— Посмотрите-ка, сколько тут на Украине венгерских, румынских и итальянских солдат, которыми немцы затыкают собственные бреши.
— А еще им приходится размещать венгров подальше от румын, а то ведь передерутся, — добавил Хрущев. Как любой комиссар, он постарался уязвить Рудзиковича не мытьем, так катаньем. — На воре и шапка горит. Это в очередной раз доказывает, что диалектика обеспечивает нашу победу. Если мы отдадим Родине все свои силы, как стахановцы, перевыполняющие норму, то победа будет за нами.
— Анатолий Павлович, мы обсуждали план уже много раз, — почти умоляющим тоном сказал Толбухин. — Если вы хотите его изменить перед самой-самой атакой, вам нужен лучший аргумент, нежели «боюсь».
Анатолий Рудзикович пожал плечами.
— Боюсь, что вы правы, товарищ генерал, — сказал он, делая упор на первом слове. И снова пожал плечами: — Что ж, ничего не поделаешь.
Это русское выражение было старо как мир.
— Товарищи, отправляйтесь в расположение своих частей, — сказал Толбухин. — Атака начнется строго по расписанию. И мы нанесем в Запорожье сокрушительный удар по фашистам. За Родину, за Сталина!

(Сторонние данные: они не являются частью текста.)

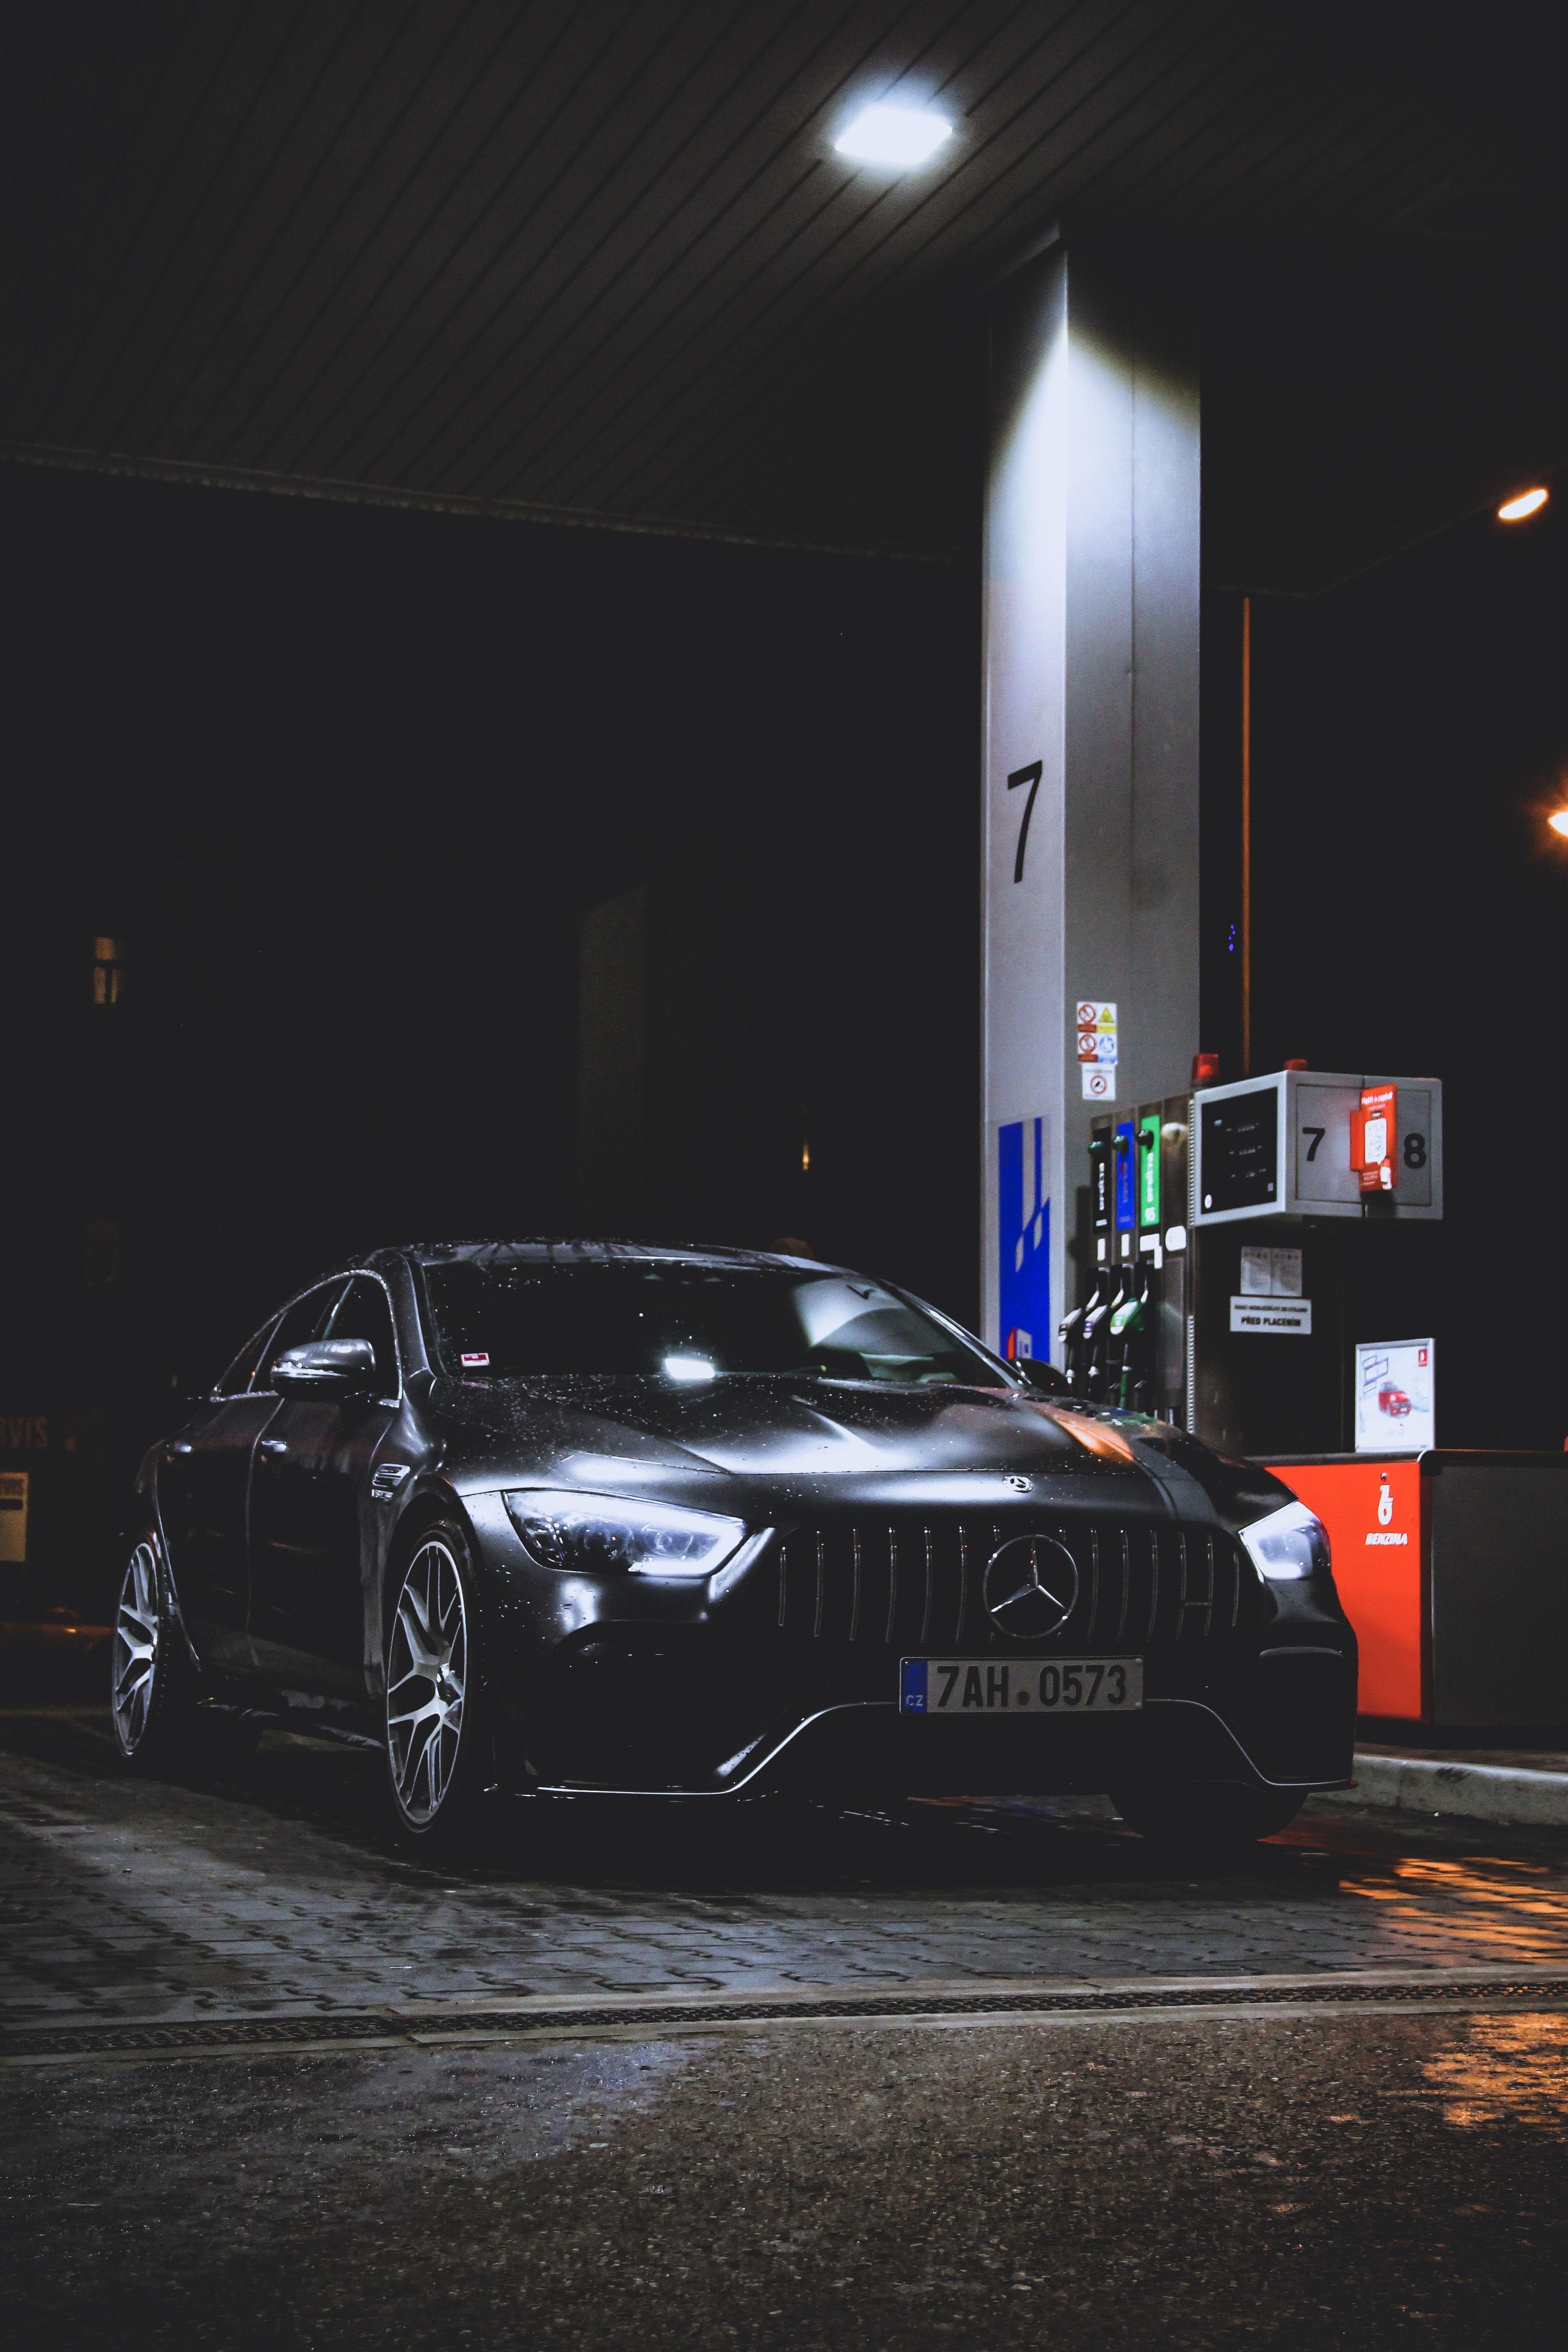 Black Mercedes Benz Car At Gas Station At Night Cars In 2020 Mercedes Benz Wallpaper Black Mercedes Benz Mercedes Benz Cars

— За Родину, за Сталина! — хором откликнулись командармы, после чего все они вышли из сарая вместе со своими комиссарами. Все, кроме генерал-лейтенанта Юрия Кузнецова, чья Восьмая гвардейская армия базировалась тут же в колхозе номер 122.
— Мы просто обязаны добиться успеха, Федор Иванович, — тихо сказал Хрущев. — Этого требует обстановка на Украине.
— Понимаю, Никита Сергеевич, — так же тихо ответил Толбухин. — Чтобы обеспечить успех нашей атаки, я собираюсь лично возглавить первый эшелон. Со мной пойдете?
Напрягая глаза из-за тусклого света, он посмотрел на Хрущева. Большинство комиссаров спряталось бы после такого вопроса под ближайшую кровать. Хрущев же лишь кивнул:
— Конечно, пойду.
— Молодец! — хлопнул его Толбухин по плечу и посмотрел в глаза Кузнецову и комиссару Восьмой гвардейской. — Пошли.
Ночь выдалась очень темная. Луна, совсем еще молодая, пока не показалась—её время наступало только перед самым рассветом. Лишь звезды освещали путь Толбухину и его товарищам. Он довольно кивнул. Так немецкой авиации будет труднее заметить армии Четвертого Украинского фронта, идущие на Запорожье. Особенно если идти врассыпную.
Он помечтал о поддержке с воздуха, но потом лишь пожал плечами. Много о чем он мечтал в своей жизни—и напрасно. Однако так уж устроен человек—пока он жив, мечтать никогда не перестанет. «Пусть когда-нибудь,»—подумал Толбухин, — «когда-нибудь в ближайшем будущем, мы увидим небо, полное самолетов с красными звездами». Не будь он марксистом-ленинцем, эта мысль была бы молитвой.